At the ancient Egyptian necropolis of Qubbet Al-Hawa, near the Upper Egyptian city of Aswan, Spanish excavators, restorers and anthropologists have been hard at work since 2008.
It was then that a Spanish-Egyptian team from Granada and Jaen Universities and the Ministry of Antiquities began excavations aimed at reconstructing the lives and funerary rituals of people living on Elephantine Island between 2250 and 1750 BCE.
Elephantine Island was a ruling power in the southern part of Egypt, and its governors were almost kings of the territory since the country's capital was some 100 km to the north.
Led by Egyptologist Alejandro Jiménez, the team has unearthed a large necropolis with some 60 rock-hewn tombs filled with the mummies and skeletons of the island's governors, administrators and nobles and dating back to the Old and Middle Kingdoms.
Historically very important inscriptions have been found that show relations between Egypt and its neighbours in Nubia, now modern Sudan, over a period of nearly a millennium.
Such discoveries highlight the importance of the Qubbet Al-Hawa necropolis not only for Egypt but also for the world as a whole. The site has revealed information about health and disease in ancient times and on intercultural relations in the distant past.
According to Jiménez, tomb number 33 was filled with 200 skeletons and mummies of top officials and members of the elite of Elephantine Island. It was built during the 12th Dynasty but was later reused during the New Kingdom, the Third Intermediate Period and the Late Period.
The tomb, Jiménez said, has an intact burial chamber in which three decorated wooden sarcophagi were found. Analysis has shown that the population suffered from poor health, including members of the area's elite and even the governors themselves.
“They lived in precarious conditions on the edge of survival,” said Miguel Botella, an anthropologist from Granada University. Average life expectancy was 30, and people suffered from malnutrition and acute gastrointestinal disorders due to drinking contaminated water from the Nile.
“Analysis of the bones of children has revealed that they died from acute infectious diseases,” Botella said.

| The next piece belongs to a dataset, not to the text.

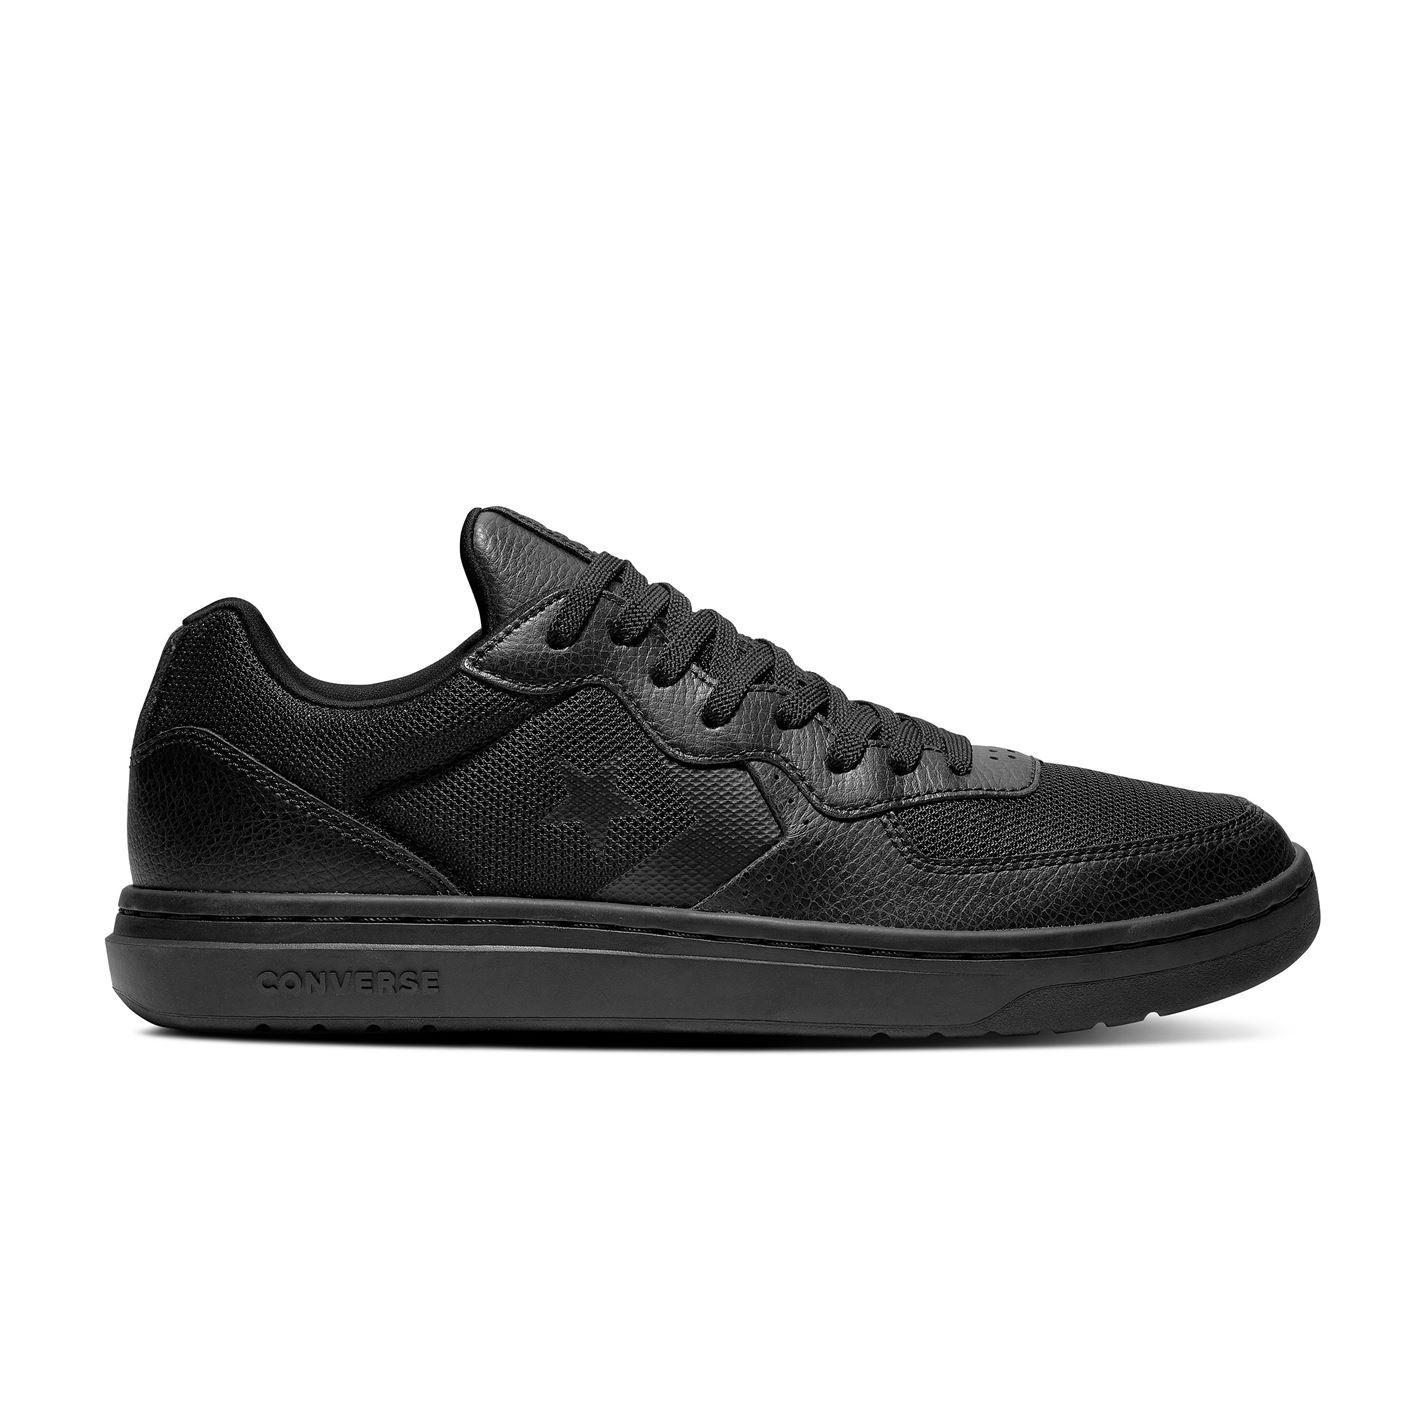 Converse-Rival-Baskets-Pour-Homme-Chaussures-De-Loisirs-Chaussures-Baskets miniature 7
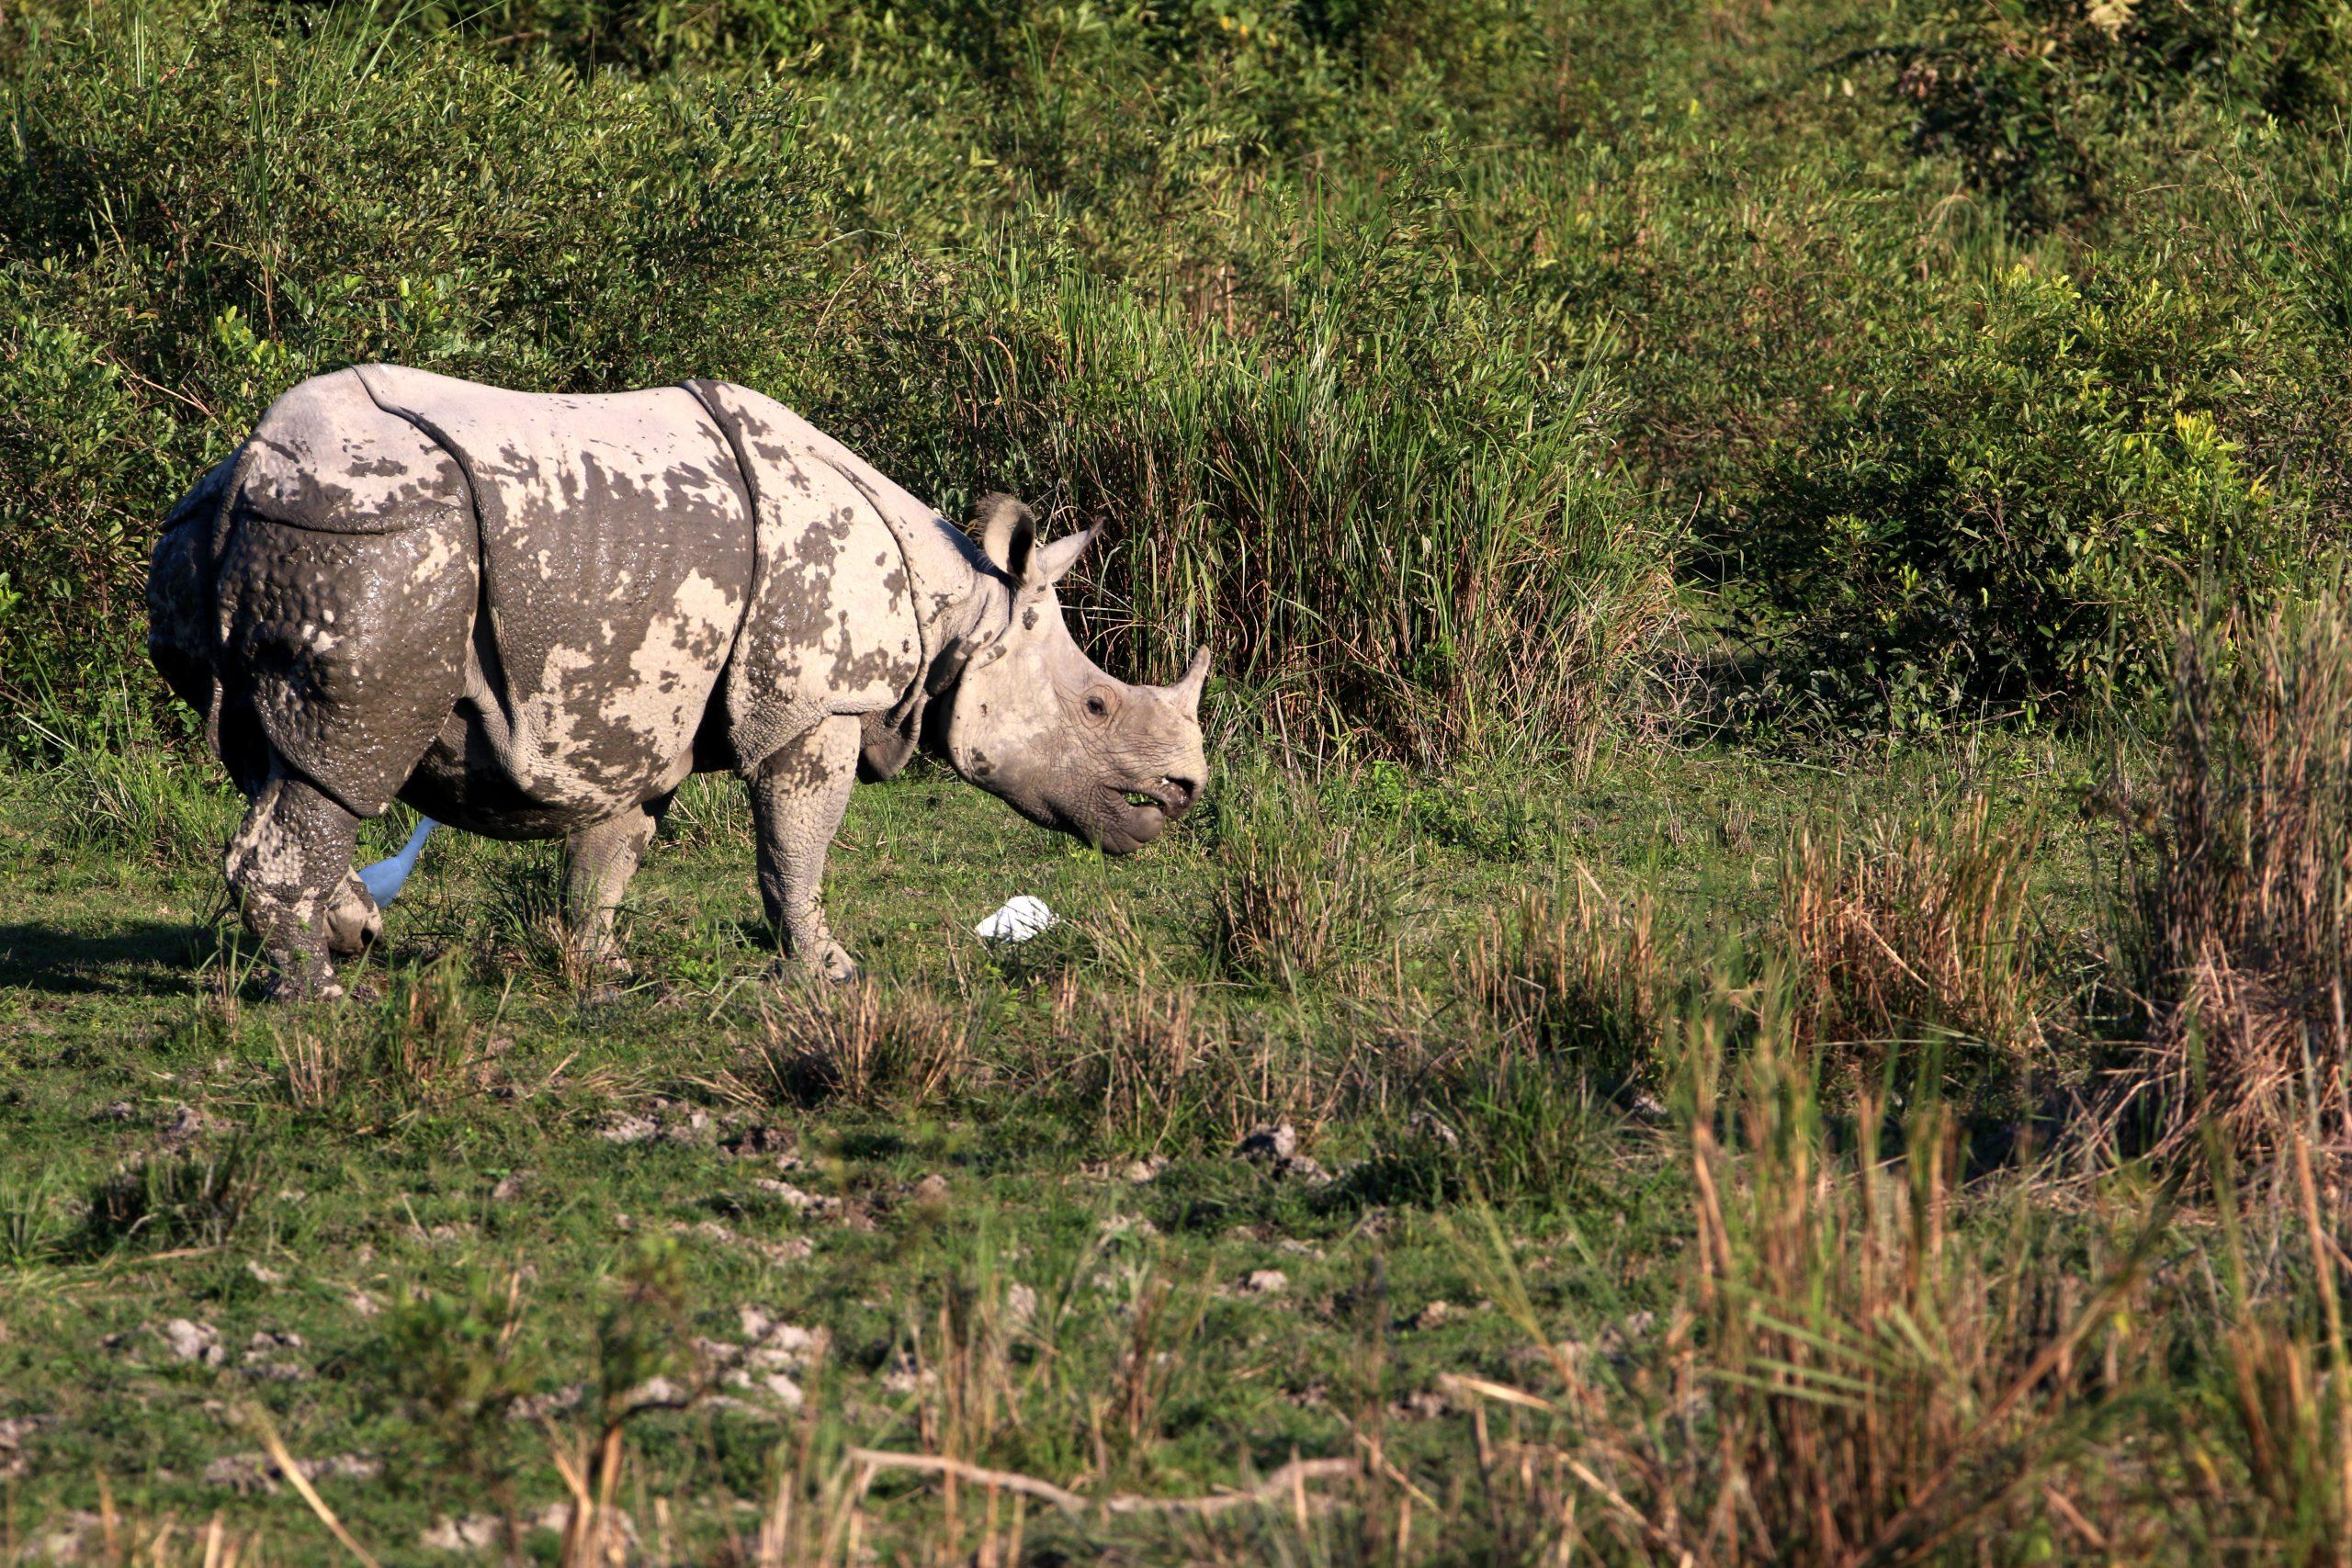 Rhino in the Wild

He said that the first mention of the Pygmies had been found in a scene engraved on the walls of Governor Herjuf's tomb dating from 2200 BCE. “It shows three trips to central Africa, one of which mentions a Pygmy, the earliest mention of this ethnic group,” he said.
Last week, the team discovered the oldest evidence of breast cancer yet found during the examination of the skeleton of an aristocratic lady excavated at the site. Studies of the remains revealed extraordinary deterioration of her skeleton, including damage caused by the spread of breast cancer when it metastasizes in the bones.
“The virulence of the disease stopped her from carrying out any kind of labour, but she was treated and taken care of during a long period until her death,” Botella said.
The discovery comes a year after the discovery of metastatic cancer in the skeleton of a young man who lived in ancient Egypt over 3,000 years ago. The skeleton was unearthed at the Amara Wet site in northern Sudan.
“This is a very important discovery,” Minister of Antiquities Mamdouh Eldamaty told the Weekly, adding that it contradicted views that cancer is a modern disease resulting from modern lifestyles.
New evidence had shown that cancer is a very old disease, he said, even if it had not been detected as often in past centuries as many people died in middle age from infectious diseases or even earlier in childhood.